→ Information given
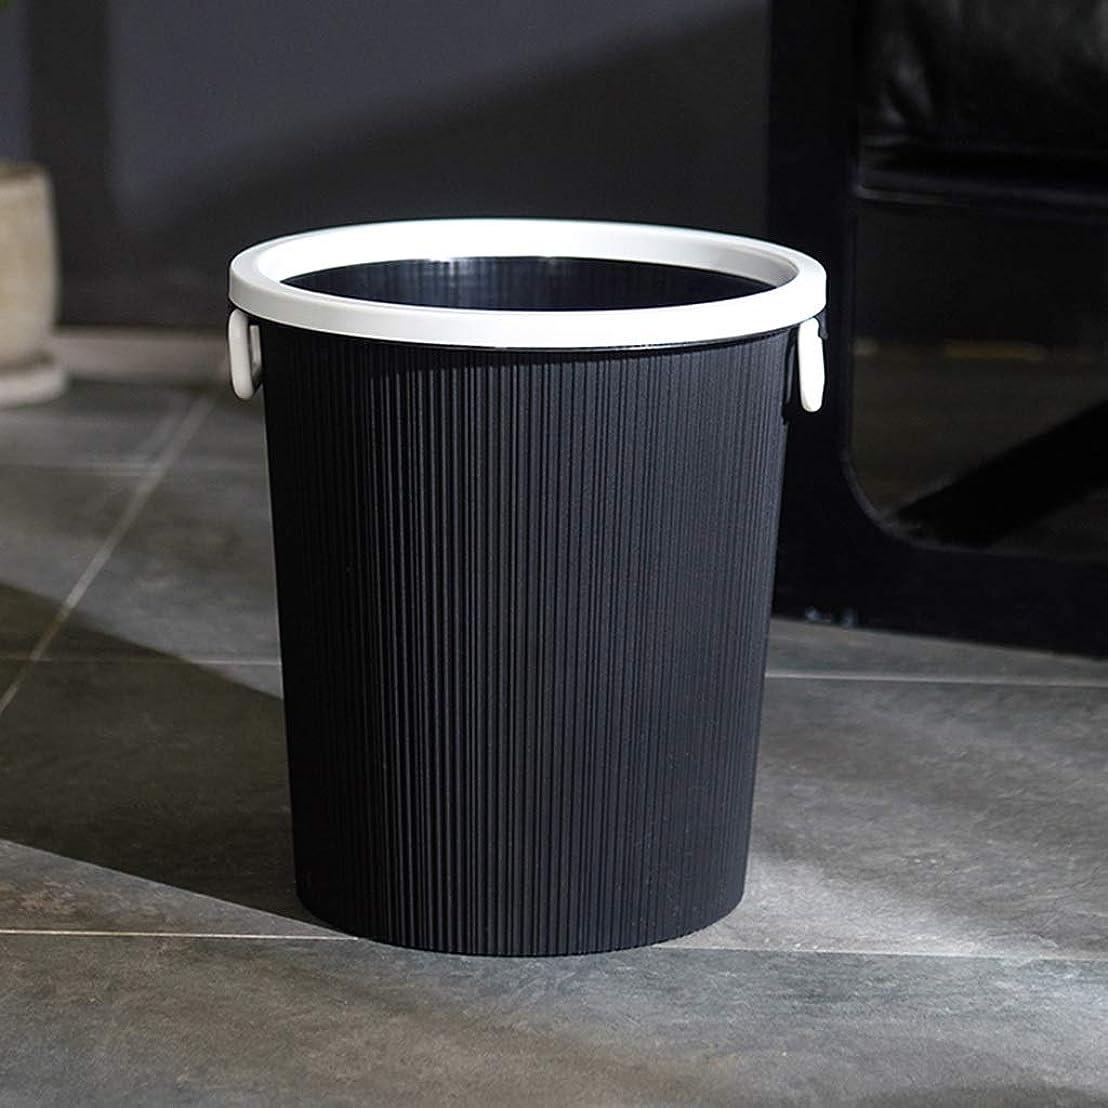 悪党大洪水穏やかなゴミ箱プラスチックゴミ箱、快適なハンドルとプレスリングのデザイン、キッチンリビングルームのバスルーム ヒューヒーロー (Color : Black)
==
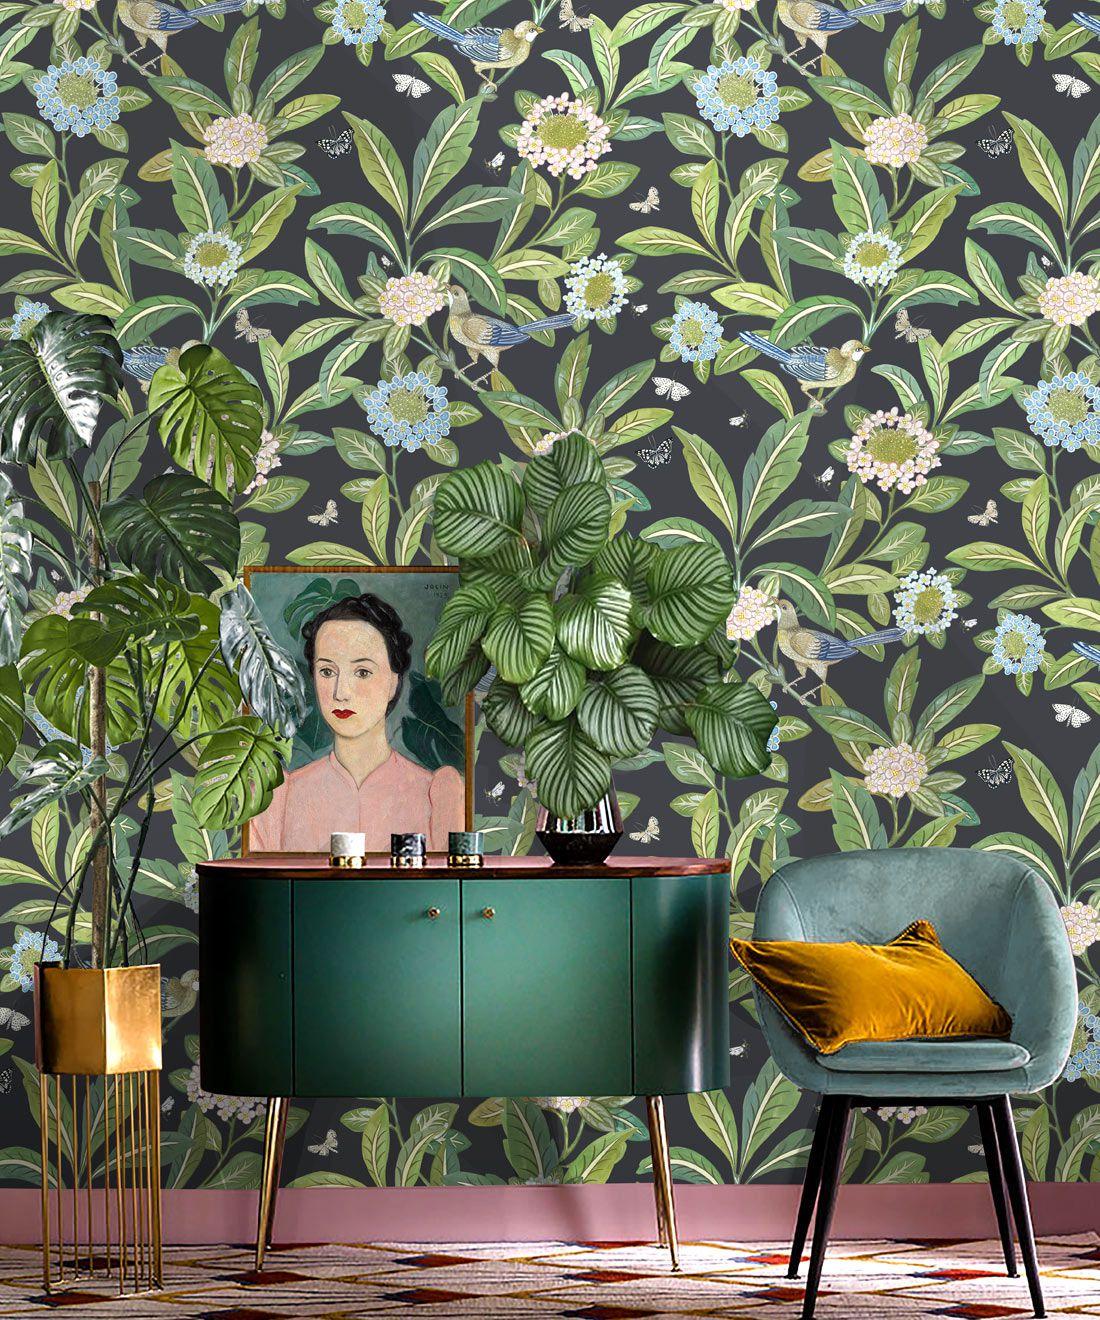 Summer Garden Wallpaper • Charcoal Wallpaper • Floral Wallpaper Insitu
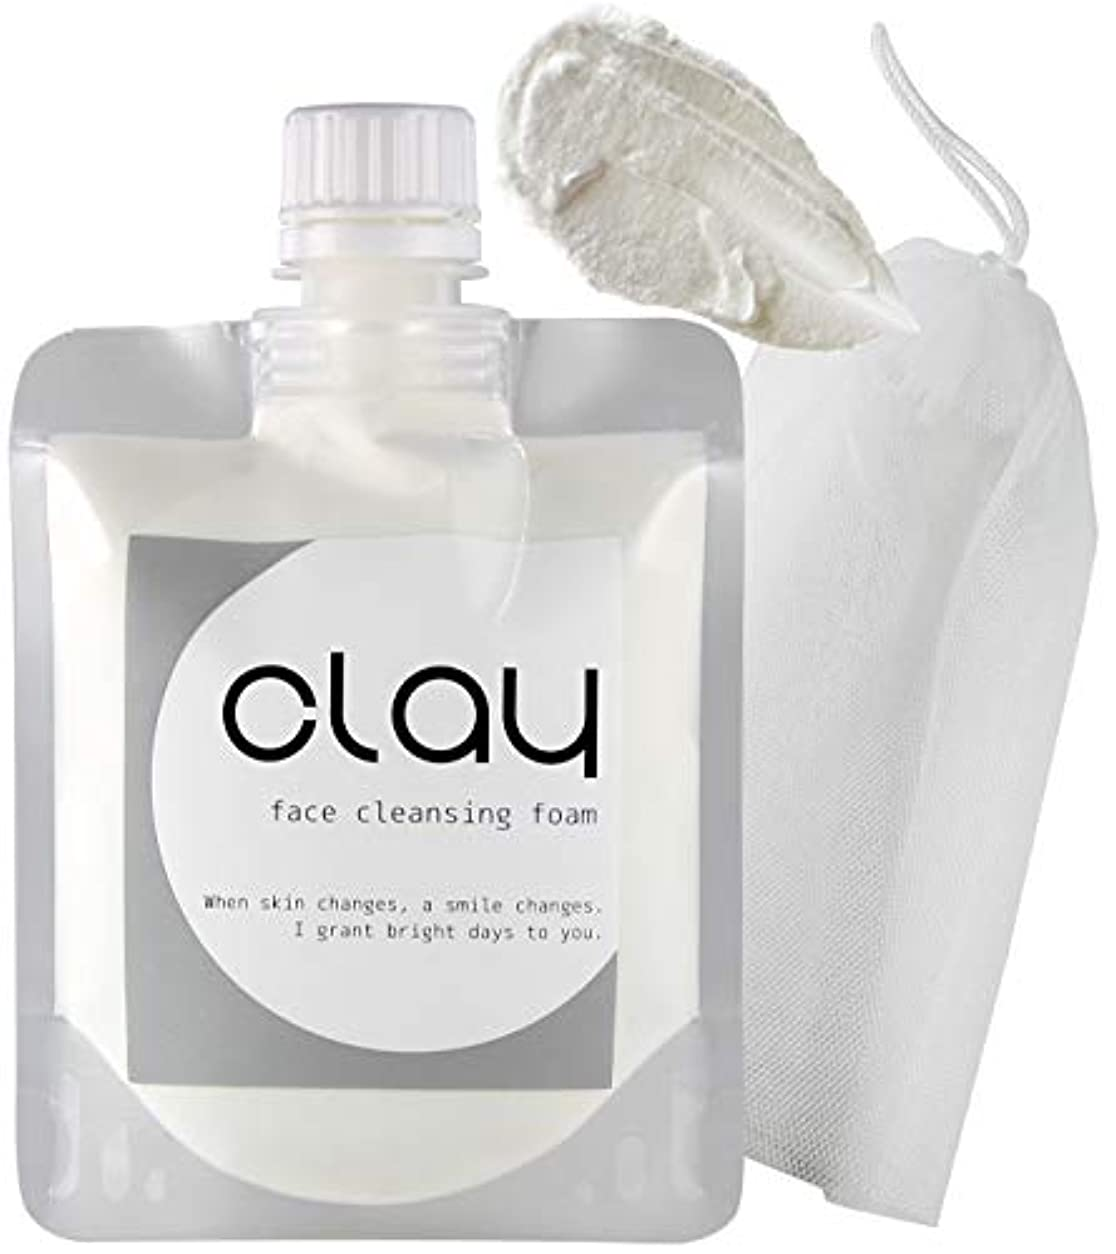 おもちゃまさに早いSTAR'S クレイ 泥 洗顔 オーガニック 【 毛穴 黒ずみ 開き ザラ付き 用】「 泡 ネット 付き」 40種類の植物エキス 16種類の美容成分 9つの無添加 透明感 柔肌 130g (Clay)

→ What this task involves
Quote word for word only the lines above from the one containing "Summer Garden Wallpaper" through the one containing "おもちゃまさに早いSTAR'S クレイ 泥". Pictures stay out of your copy.

→ Answer space
 Summer Garden Wallpaper • Charcoal Wallpaper • Floral Wallpaper Insitu
 おもちゃまさに早いSTAR'S クレイ 泥 洗顔 オーガニック 【 毛穴 黒ずみ 開き ザラ付き 用】「 泡 ネット 付き」 40種類の植物エキス 16種類の美容成分 9つの無添加 透明感 柔肌 130g (Clay)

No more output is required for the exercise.